我们添加一个可训练参数，再看三者发生什么变换：

>>> buffer_test.data3 = Parameter(data=torch.tensor([9, 10]).float())
>>> list(buffer_test.buffers())      # 查看buffer
[tensor([5, 6, 7, 8])]
>>> list(buffer_test.parameters())
[Parameter containing:
 tensor([ 9., 10.], requires_grad=True)]
>>> list(buffer_test.state_dict())
['data3', 'data2']

经过前后实验对比，我们不难发现，parameters与buffers都会在state_dict中出现，但是buffers()与parameters()是不同的对象，对于可训练的数据我们应该使用Parameter封装，对于不参与更新的张量且需要保存在模型里的我们需要使用register_buffer进行注册！

Top---Bottom

2.2.4 parameter相关方法

parameter相关方法是对需要梯度计算进行参数更新的数据集成的一类类方法。

parameters(recurse=True)
get_parameter(target)
named_parameters(prefix='', recurse=True)
register_parameter(name, param)

这些方法我们不再进行解释，完全可以参考buffer的相关方法！

Top---Bottom

2.2.5 module相关方法

所有的相关方法：

modules: 前面我们已经多次提到，这是我们必须掌握的基础方法
get_submodule(target)
register_module(name, module): add_module的别称
named_modules(memo=None, prefix='', remove_duplicate=True)

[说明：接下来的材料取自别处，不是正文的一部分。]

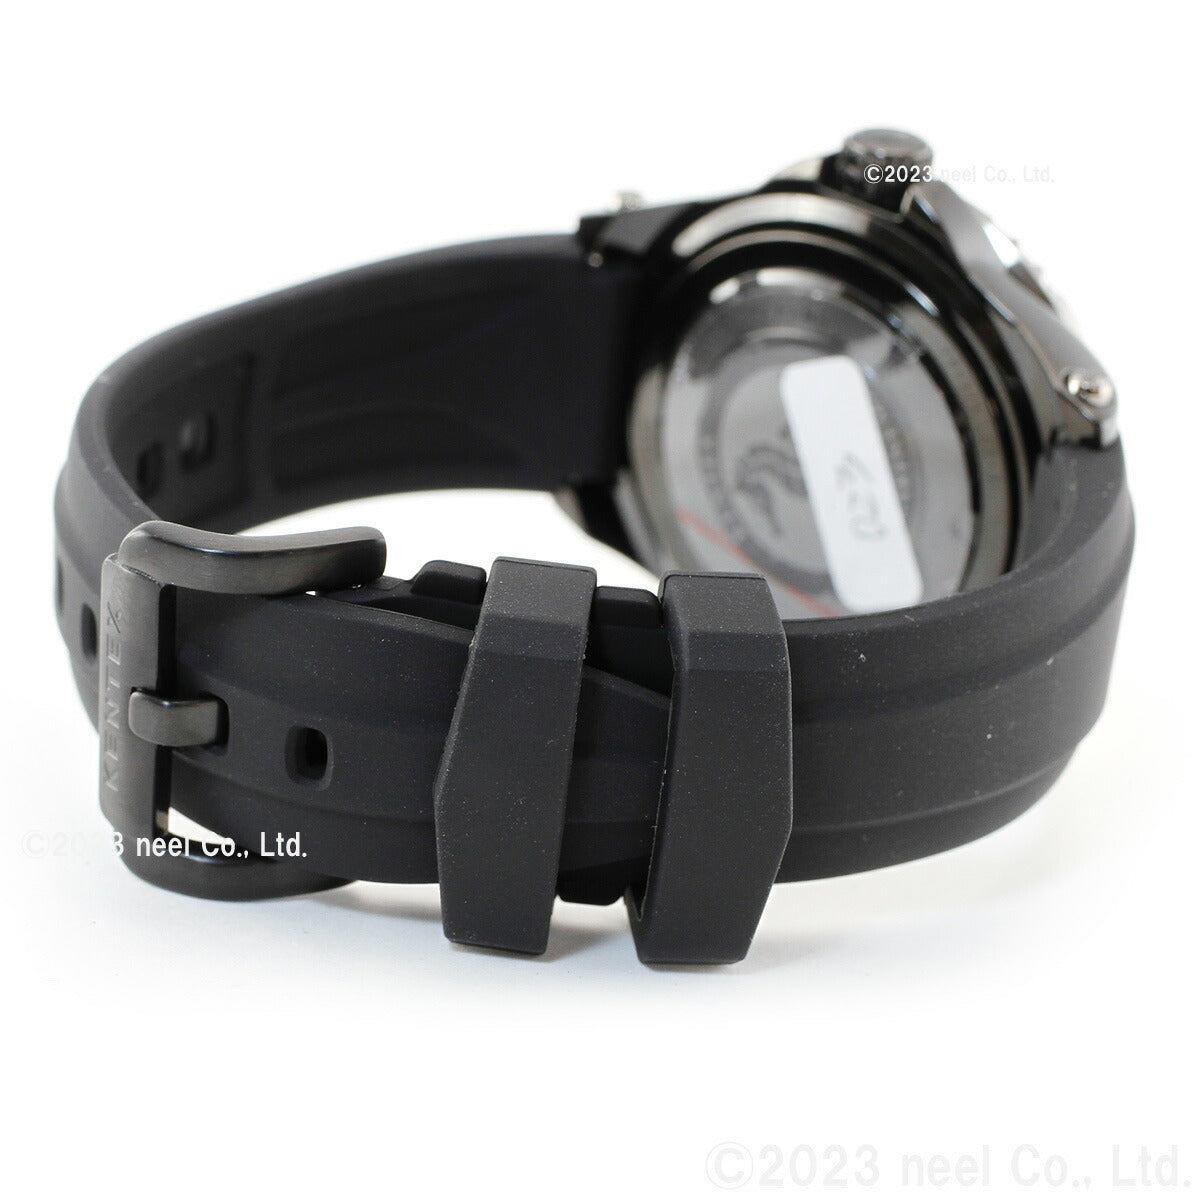 ケンテックス KENTEX 腕時計 時計 メンズ ダイバーズ 自動巻き マリンマン シーホースII 日本製 S706M-23
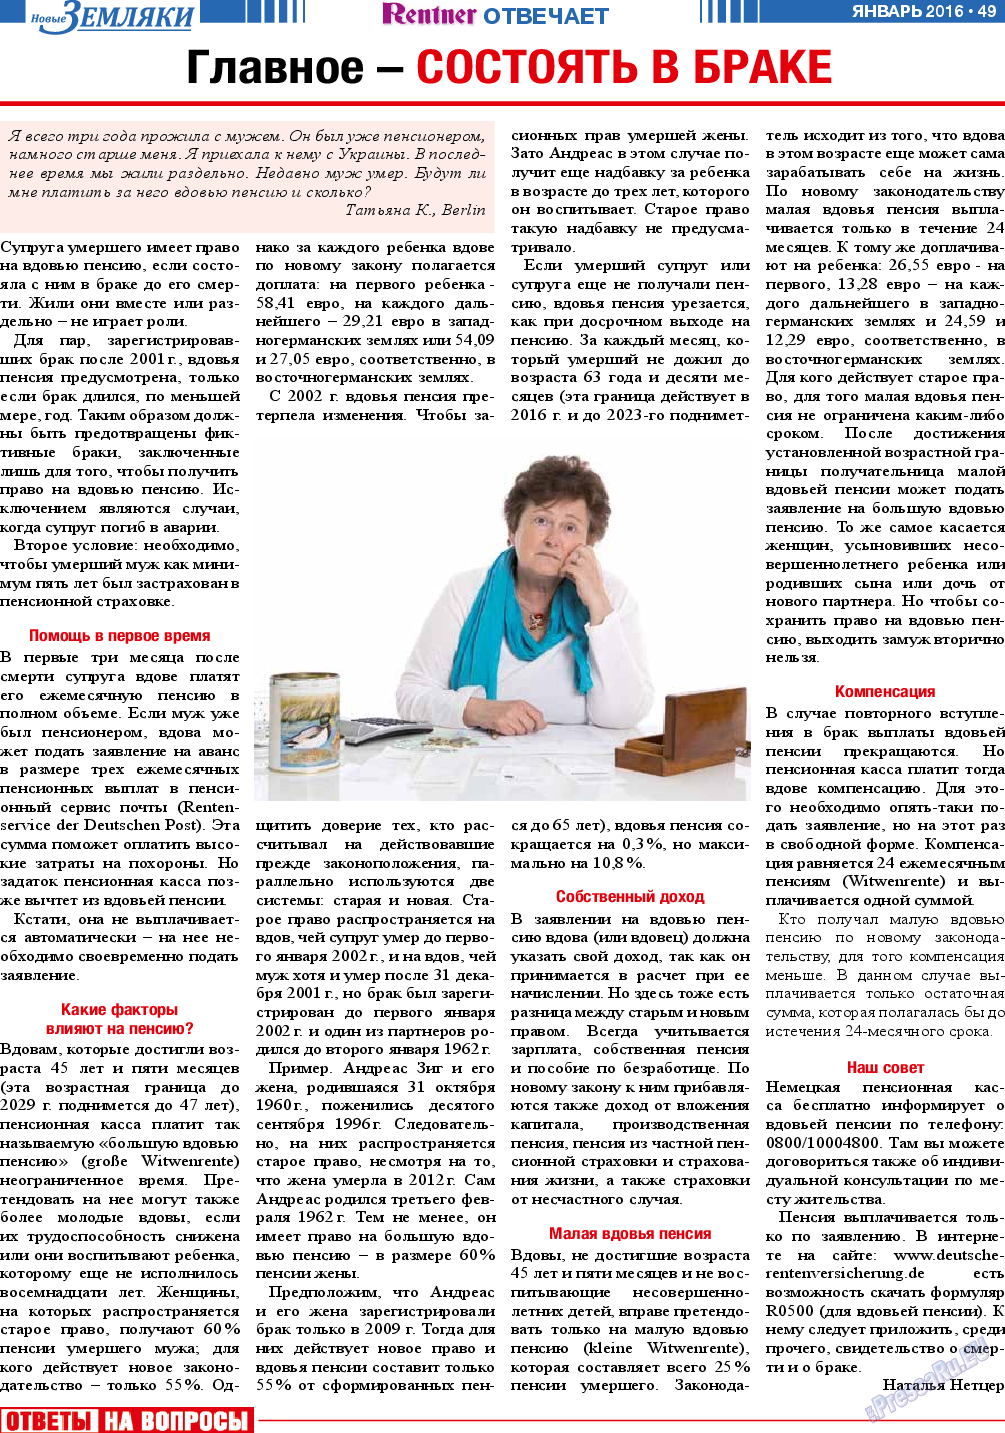 Новые Земляки, газета. 2016 №1 стр.49

module相关方法和buffer类似，但是又不是完全一样的规则。主要是获取子模型上，因为module是当前模块，我们查找的时候是找它的子模块，所以接口是get_submodule(target)，同样地named_modules同样可以获取所有子模块，但是它是返回全部的，所以我们查询单个时需要使用get_submodule(target)降低复杂度。

named_modules方法和其他类型接口也不一样，这里除前缀参数外，有两个不同的参数：

memo=None memo是备忘实录，我们不用管这个参数
remove_duplicate=True 是否删除结果中重复的模块实例

原始的named_modules返回：

>>> for i, m in enumerate(model.named_modules()):
...:    print(i, "-->", m)
...:
0 --> ('', DepthWiseConv(
  (DWConv): Conv2d(768, 768, kernel_size=(3, 3), stride=(1, 1), padding=(1, 1), groups=768)
))
1 --> ('DWConv', Conv2d(768, 768, kernel_size=(3, 3), stride=(1, 1), padding=(1, 1), groups=768))

添加前缀的named_modules返回：

>>> for i, m in enumerate(model.named_modules(prefix="DW")):
...:    print(i, "-->", m)
...:
0 --> ('DW', DepthWiseConv(
  (DWConv): Conv2d(768, 768, kernel_size=(3, 3), stride=(1, 1), padding=(1, 1), groups=768)
))
1 --> ('DW.DWConv', Conv2d(768, 768, kernel_size=(3, 3), stride=(1, 1), padding=(1, 1), groups=768))

很明显子模块的名字前都加了目标前缀！

Top---Bottom

2.2.6 children和named_children

>>> list(model.children())
[Conv2d(768, 768, kernel_size=(3, 3), stride=(1, 1), padding=(1, 1), groups=768)]
>>> list(model.named_children())
[('DWConv',
  Conv2d(768, 768, kernel_size=(3, 3), stride=(1, 1), padding=(1, 1), groups=768))]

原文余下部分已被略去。